# The heartbreak We Choose



## TrixieTreasure (May 24, 2015)

I just now saw your post. Thank you for sharing. Brought tears to my eyes. :-(
I have a few on FB who are almost to the point of having to let go of their precious pets, and one in particular who is really struggling with what to do. It's never easy, but it's something that we all know we must do if we are to share our lives with these beautiful souls. 

I just now closed my eyes and thought back through the years. I have lost 12 beloved pets since 1977. 8 Poodles, and 4 cats, and I can honestly say it absolutely does not get easier with time. You learn to live with the heartbreak, and go on, but every time one of our pets die, a piece of our heart also dies. For me personally, I believe that all of our pets are in Heaven, and they are waiting for us so that we can someday be with them again. ❤


----------



## TrixieTreasure (May 24, 2015)

Right at this time, I’m dealing with the tragic, sudden and unexpected death of my beautiful 7 year old cat, Abby Rose. It’s been 2 weeks, and I still can’t function with every day life. It’s like I’m in a fog. Life seems so unreal, and I keep thinking that maybe I’ll wake up from a coma, and everything will be okay with her. But it’s not. 

I’ve been a pet mama for over 40 years, and I have gone through sudden pet loss before. But this time, ... this time, is just so, so different. Abby and I were especially close. She was truly my baby. I lost her so suddenly, not ever realizing that she would never understand again how very much I love her.

So please, pet owners need to understand that we can lose our precious fur babies at any moment. Tomorrow is not a given. Don’t let another moment go by. Go love your babies. Hold them tight, and talk lovingly to them. Every day, every night, and into the night. Nothing else matters. 

I would give anything to hear my little girl ringing her little bells again, to let me know she wants her treats. I will never hear that again. And it hurts SO much.

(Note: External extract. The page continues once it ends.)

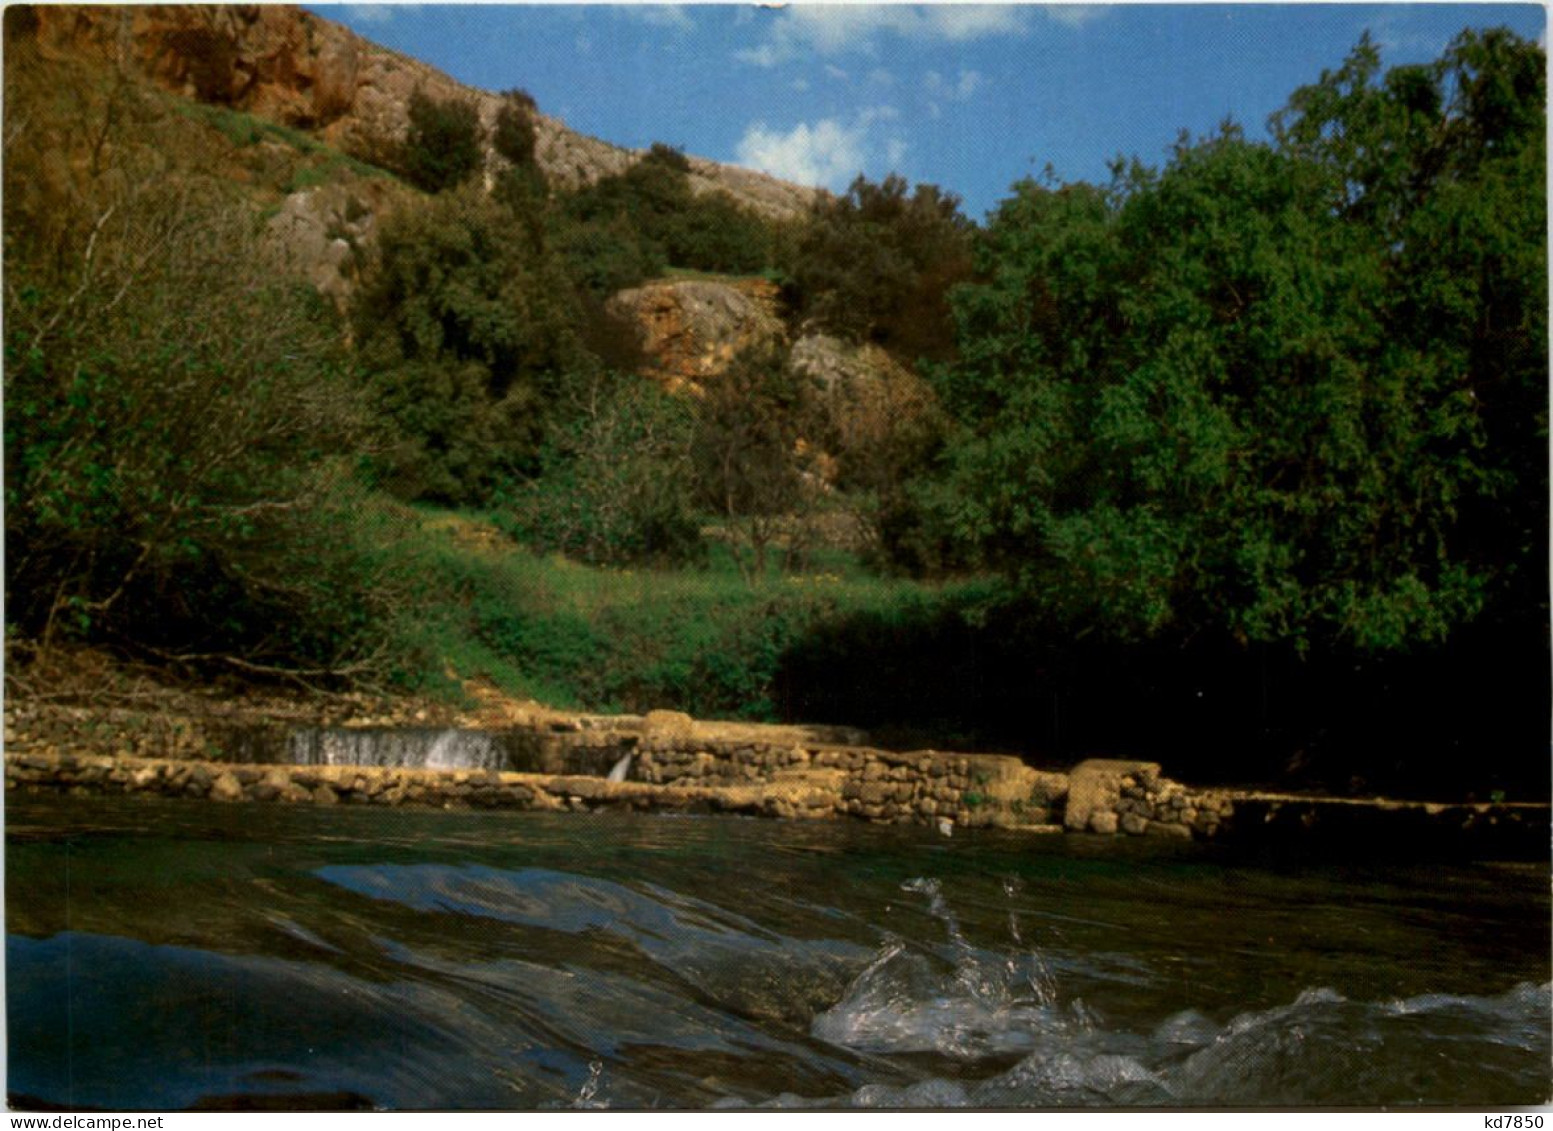 Israel - Jordantal Quellfluss Nahal Hermon - Israel

Rest In Peace Baby. Mama will miss you forever.


----------



## MaizieFrosty (Apr 12, 2019)

Oh, Kathy, I'm so sorry to hear about the passing of your beloved Abby Rose! :'( I know she was extremely special to you. I'm sending you big comforting hugs. I'm so sorry your heart is hurting so badly right now. I will give all of my babies extra love in honor of Abby.


----------



## TrixieTreasure (May 24, 2015)

MaizieFrosty said:


> Oh, Kathy, I'm so sorry to hear about the passing of your beloved Abby Rose! :'( I know she was extremely special to you. I'm sending you big comforting hugs. I'm so sorry your heart is hurting so badly right now. I will give all of my babies extra love in honor of Abby.

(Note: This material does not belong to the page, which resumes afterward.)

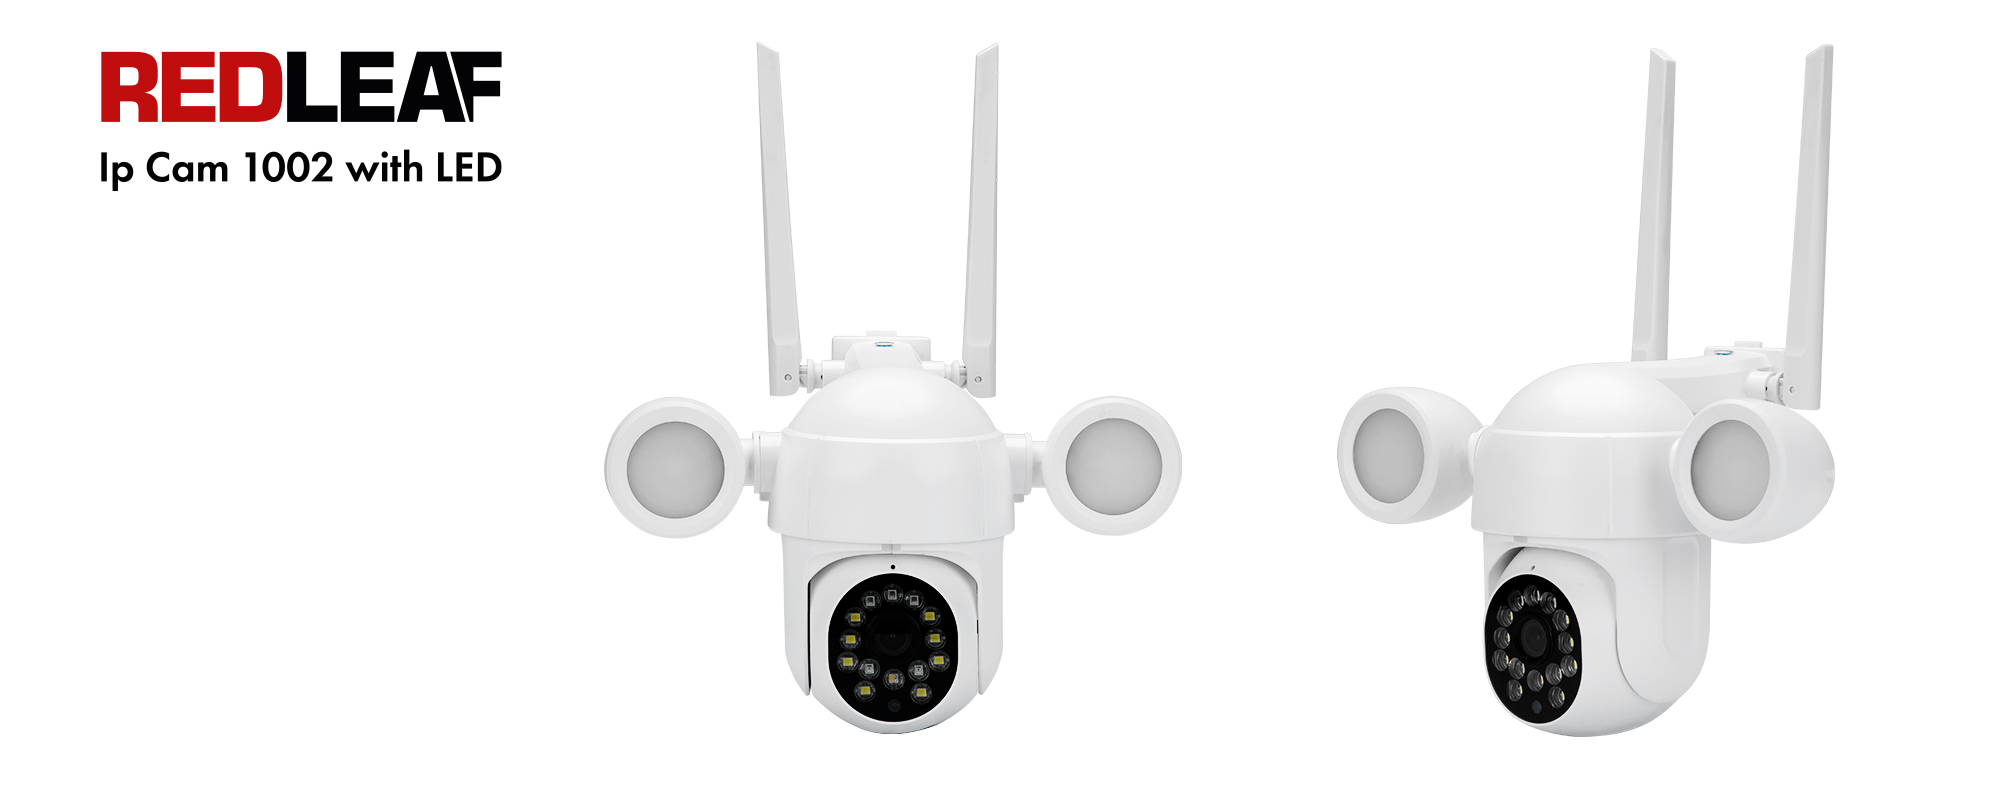 Redleaf IP Cam 1002 WiFi surveillance camera with LED light

Thank you so much for your kind words. 
I have a lot of wonderful friends and family to lean on, and I know I’ll get through this. I just have to take things slowly. Hopefully someday, I’ll be able to reminisce about all of Abby’s cute things that she did, and smile.

Thank you again.


----------



## Dogs4Life (May 27, 2018)

TrixieTreasure, I am so very sorry for your loss of your cat. It is always difficult to lose a pet, but when it's one that is truly the light of your life, it has to be so very painful. So happy to hear you have friends and family to help you through this.


----------



## Asta's Mom (Aug 20, 2014)

Trixie - I am so sad for you going through this difficult time. We can never give too much love to our precious pets. You have my sympathy and prayers.


----------



## Skylar (Jul 29, 2016)

I’m so sorry. (((Hugs)j)


----------



## fjm (Jun 4, 2010)

I am so sorry, Trixie - the shock of a sudden and unexpected loss can make it even harder to come to terms with.


----------



## TrixieTreasure (May 24, 2015)

Thank you so much everyone. I appreciate your caring thoughts. 

Hope you’re having a good day.


----------



## Liz (Oct 2, 2010)

Hi Kathy, just catching up. The sudden death of a young pet is especially hard. I'm so sorry for your loss, and I hope it's starting to get easier. Much love to you and yours.


----------



## Poodlebeguiled (May 27, 2013)

Oh Kathy, I'm so terribly sorry for the sudden loss of your dear cat, Abby Rose. I know how painful it is, especially when they're young and it's unexpected. It sure will take some time to feel better. But I send you all my best for that peace and acceptance that will eventually come to you. Like you say, pictures, memories that put a little smile on your face will help you heal. So very sorry for your loss. (((hugs)))


----------



## TrixieTreasure (May 24, 2015)

Thank you again everyone. My dear hubby is here for me, he’s been great, but the one who helps me the most is Lacie ( Lacie Rose ). It’s almost 2am right now, and she’s laying beside me. She’s the cutie who loves licking me on my arms and my face. I have to make sure to close my eyes when she gets in a licking mood, because she likes to lick my eyes. She’s really Daddy’s Little Girl”, but she likes to hang out with her Mommy too. I also have Gracie, but she’s mama’s pretty little thing who likes her space more.

One day at a time. Thank you all again.


----------



## SMSP (Apr 5, 2018)

> So please, pet owners need to understand that we can lose our precious fur babies at any moment. Tomorrow is not a given. Don’t let another moment go by. Go love your babies. Hold them tight, and talk lovingly to them. Every day, every night, and into the night. Nothing else matters.


Thank you!


----------